Explained – Working and Advantages of a Recommendation Engine


Share on LinkedIn

Online shopping has grown by leaps and bounds in the last few years. The number of e-commerce buyers is estimated to reach a whopping 2.14 billion by 2021. With e-commerce sites competing for buyer’s attention, a tool that comes in handy in attracting customers and ensuring repeat business is the product recommendation engine.

And if set up and configured properly, it can significantly boost revenues, CTRs, conversions, and other important metrics. Moreover, product recommendation can have positive effects on the user experience as well, which translates into metrics that are harder to measure but are nonetheless of much importance to online businesses, such as customer satisfaction and retention.

All this is only possible with a product recommendations engine. Recommendation engines basically are data filtering tools that make use of algorithms and data to recommend the most relevant items to a particular user. Or in simple terms, they are nothing but an automated form of a “shop counter guy”. You ask him for a product. Not only he shows that product, but also the related ones which you could buy. They are well trained in cross-selling and upselling.

With the growing amount of information on the internet and with a significant rise in the number of users, it is becoming important for companies to search, map and provide them with the relevant chunk of information according to their preferences and tastes.

Let’s consider an example to better understand the concept of a product recommendation engine. If I am not wrong, almost all of you must have used Amazon for shopping. And just so you know, 35% of Amazon.com’s revenue is generated by its product recommendation engine. So what’s their strategy?

Amazon uses recommendations as a targeted marketing tool in both email campaigns and on most of its websites pages. Amazon will recommend many products from different categories based on what you are browsing and pull those products in front of you which you are likely to buy. Like the ‘frequently bought together’ option that comes at the bottom of the product page to lure you into buying the combo. This recommendation has one main goal: increase average order value i.e., to up-sell and cross-sell customers by providing product suggestions based on the items in their shopping cart or below products they’re currently looking at on-site.

Reference: Amazon

Amazon wants to make you buy a package rather than one product. Say you bought a phone, it will then recommend you to buy a case or a screen protector. It will further use the recommendations from the engine to email and keep you engaged with the current trend of the product/ category.

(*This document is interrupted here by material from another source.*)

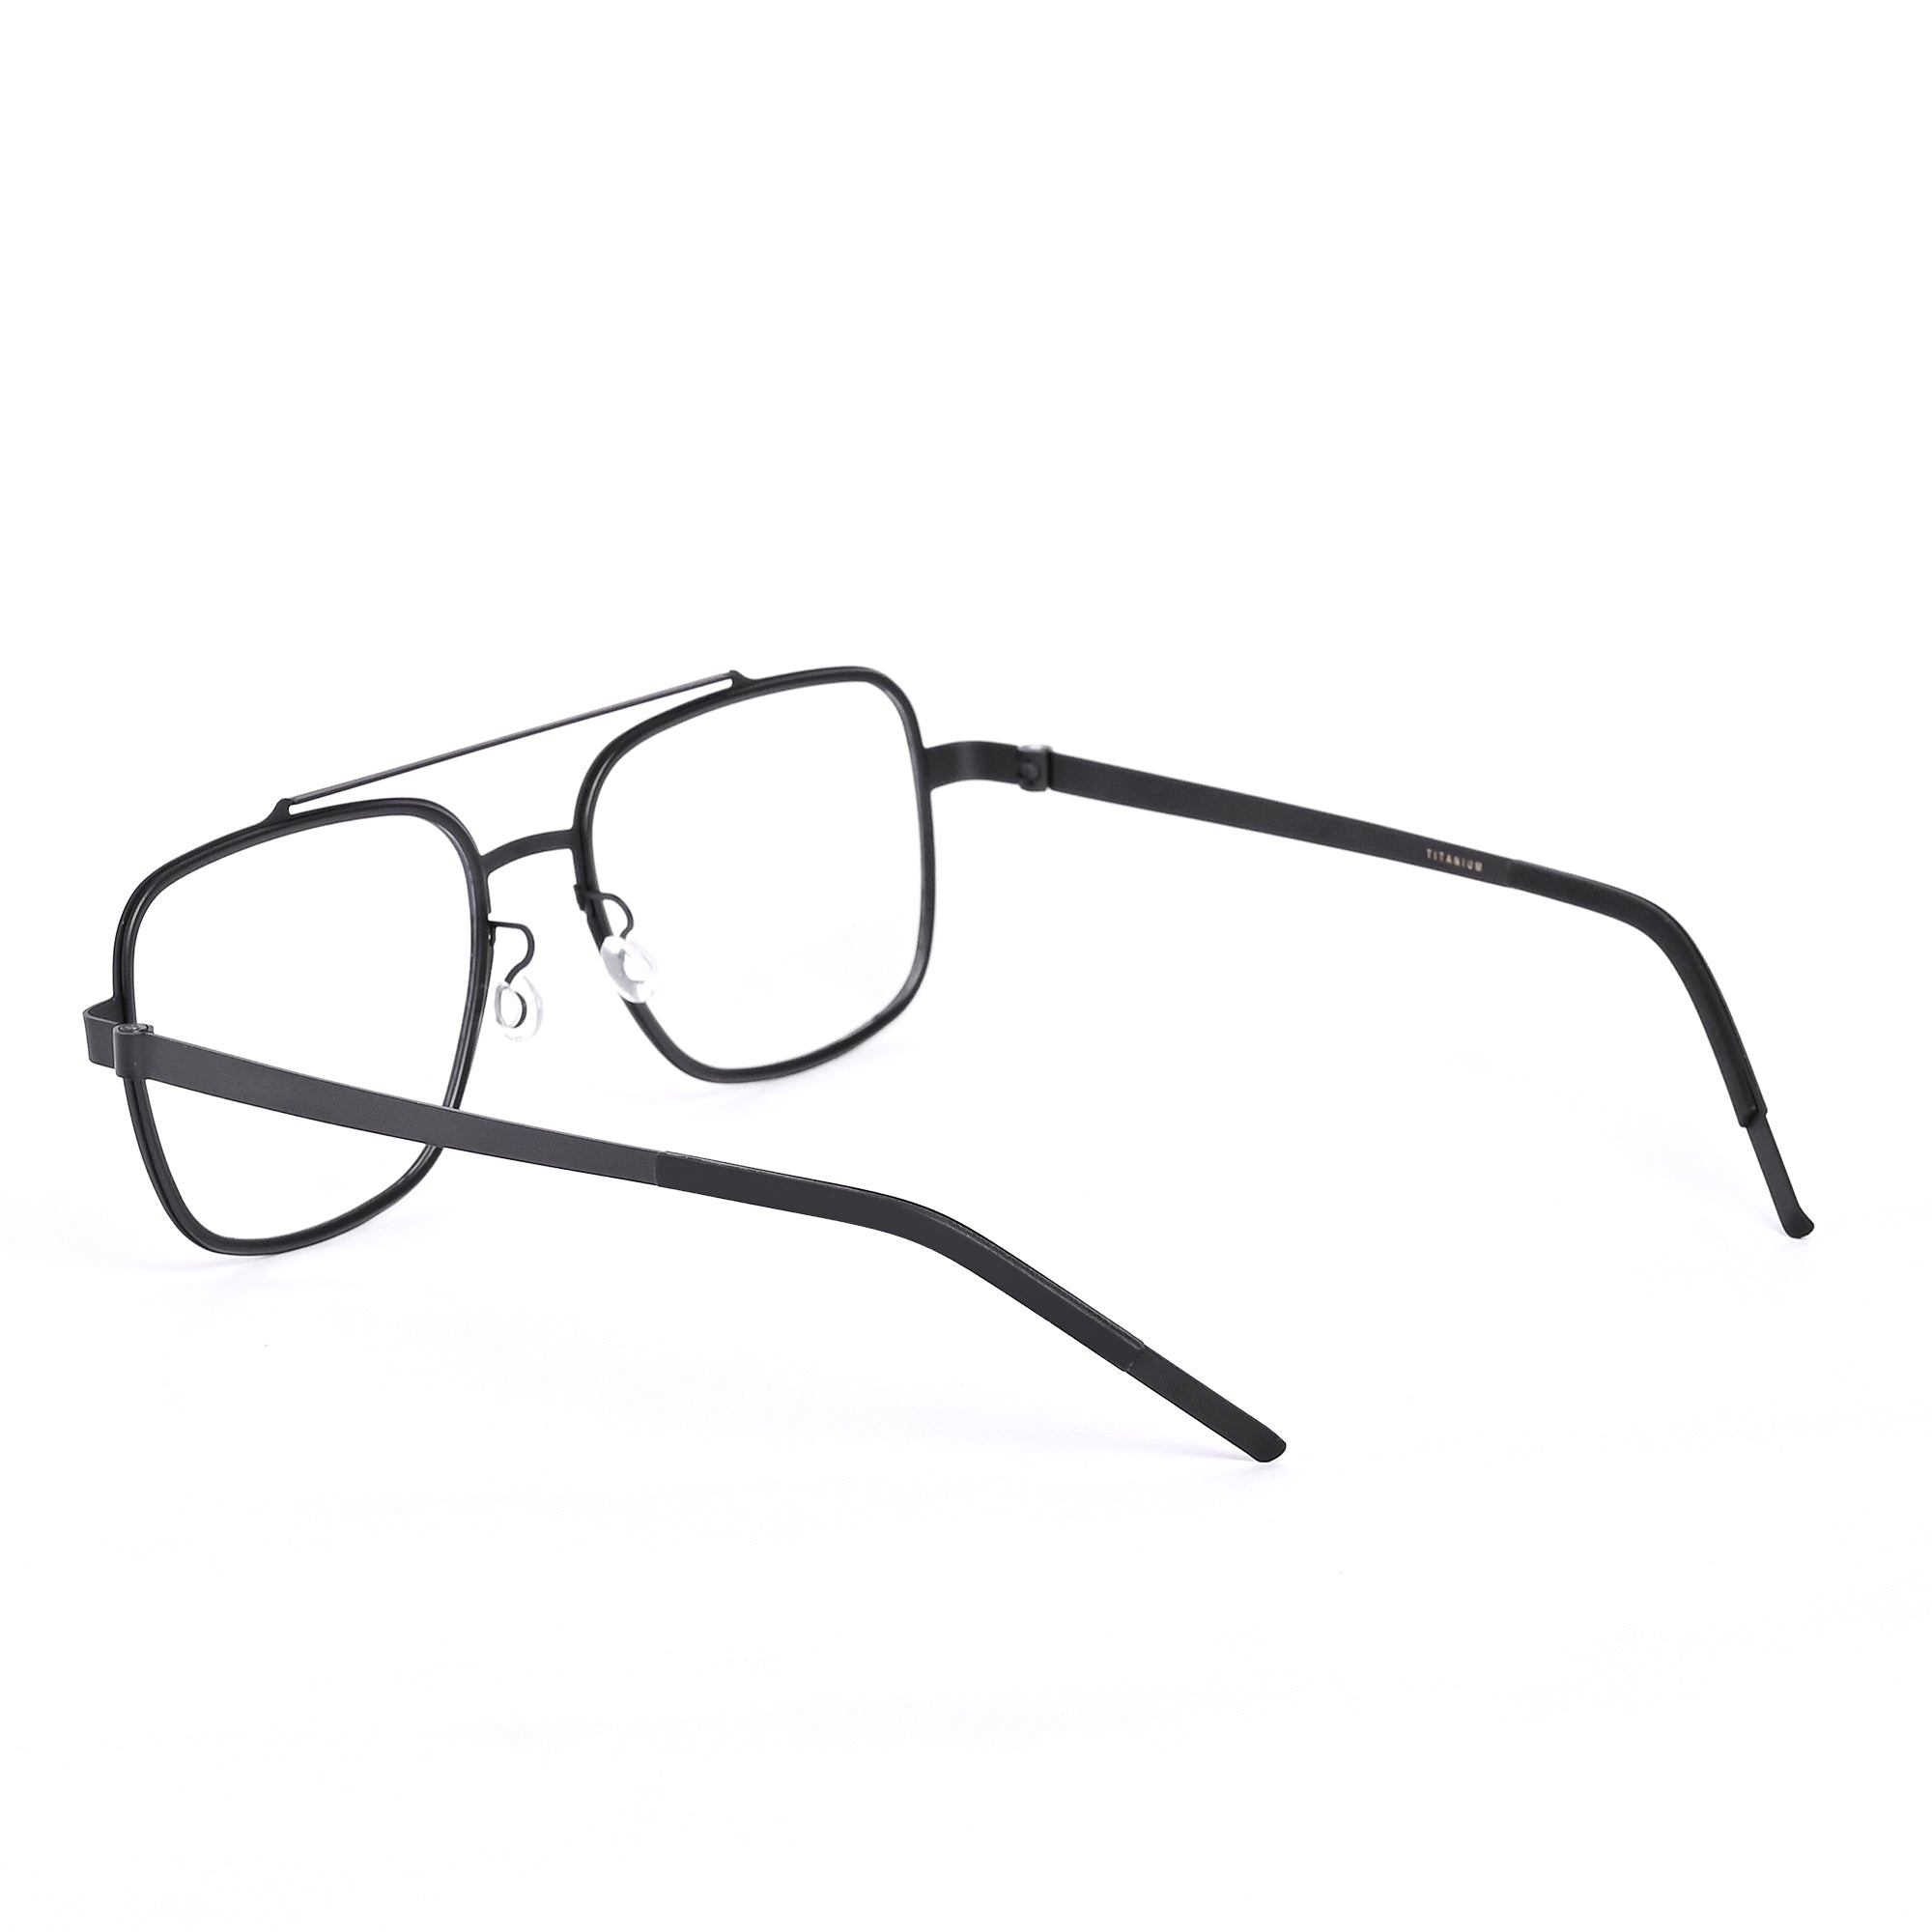 Black & Gray Square Titanium Eyeglasses - LG-006 BLGRY

There are basically three important types of recommendation engines:

  • Collaborative filtering
  • Content-Based Filtering
  • Hybrid Recommendation Systems

Collaborative filtering:

This filtering method is usually based on collecting and analyzing information on user’s behaviors, their activities or preferences and predicting what they will like based on the similarity with other users. A key advantage of the collaborative filtering approach is that it does not rely on machine analyzable content and thus it is capable of accurately recommending complex items such as movies without requiring an “understanding” of the item itself.Collaborative filtering is based on the assumption that people who agreed in the past will agree in the future, and that they will like similar kinds of items as they liked in the past. For example, if a person A likes item 1, 2, 3 and B like 2,3,4 then they have similar interests and A should like item 4 and B should like item 1.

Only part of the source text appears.